Narakkal  a village in the Vypin area situated in Ernakulam district in the Indian state of Kerala.

Demographics
Narakkal is situated at the center of Vypeen island.

Here is some general information about the demographics of Narakkal:

Narakkal is a village located in the Vypin area of Ernakulam district in the southern state of Kerala, India. According to the 2011 Census of India, Narakkal had a population of 33,030 people, with a male population of 15,735 and a female population of 17,295.

The literacy rate of Narakkal is higher than the national average, with a literacy rate of 96.36% (as of 2011). The majority of the population speaks Malayalam, which is the official language of Kerala, and some people also speak English and Hindi.

Narakkal has a mixed population of people from various religious backgrounds. The majority of the population is Hindu, followed by Muslims and Christians. The village is known for its rich cultural heritage and traditional festivals, which are celebrated with great enthusiasm by people of all religions.
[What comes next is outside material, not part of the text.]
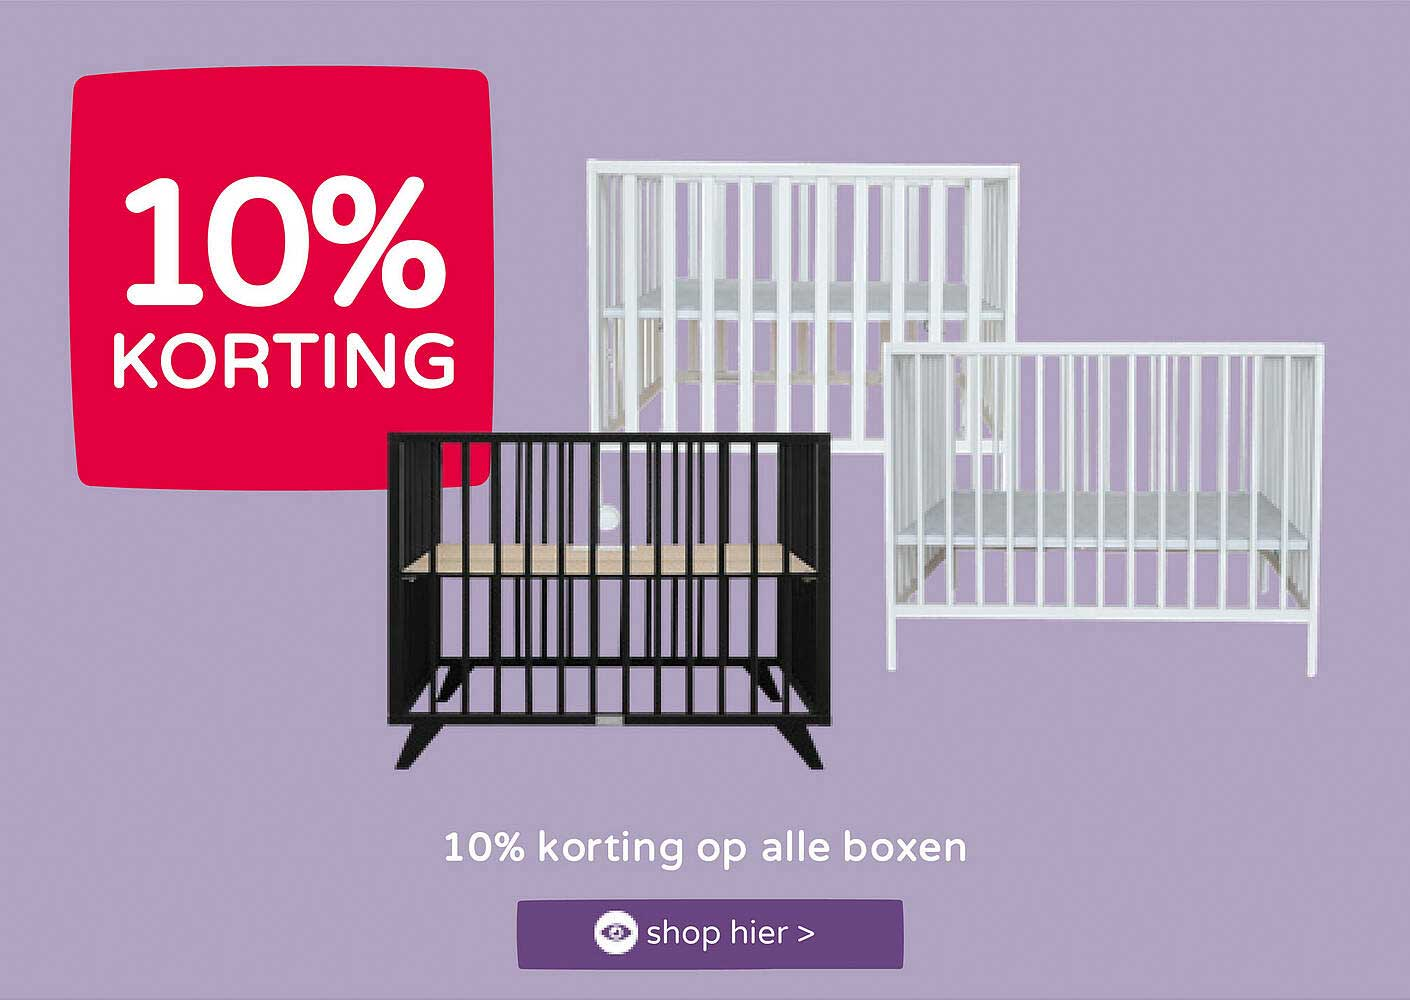 Prénatal 10% Korting Op Alle Boxen

The main occupation of the people in Narakkal is fishing, and the village is famous for its fishing industry. However, with the growth of tourism, many people have also started working in the hospitality industry and other related businesses.

Landmarks
 Fish Farm and Aqua Tourism Centre, Vypin
 Narakkal Panchayath
 Village Office
 Police Station
 Kerala State Electricity Board office (KSEB)
 Krishi Bhavan
 Post Office
 Jai Hind Play Ground
 Government Register Office
 Sree Sakthidhara Temple
 Sree Balabhadra Temple
 Govt. Fisheries U.P. School
 Surya Wooden Industry
 Western Jewellery- Jewellers
 Bakers Corner- Dominant Bakers
 St. Mary's Church
 Majestic Talkies

Education
 Little Flower High School
 Marello Public School
 Talent Public School
 GVHSS Narakkal
 St.Joseph Public School

Religion
Some religious people And there are a good percentage of atheists.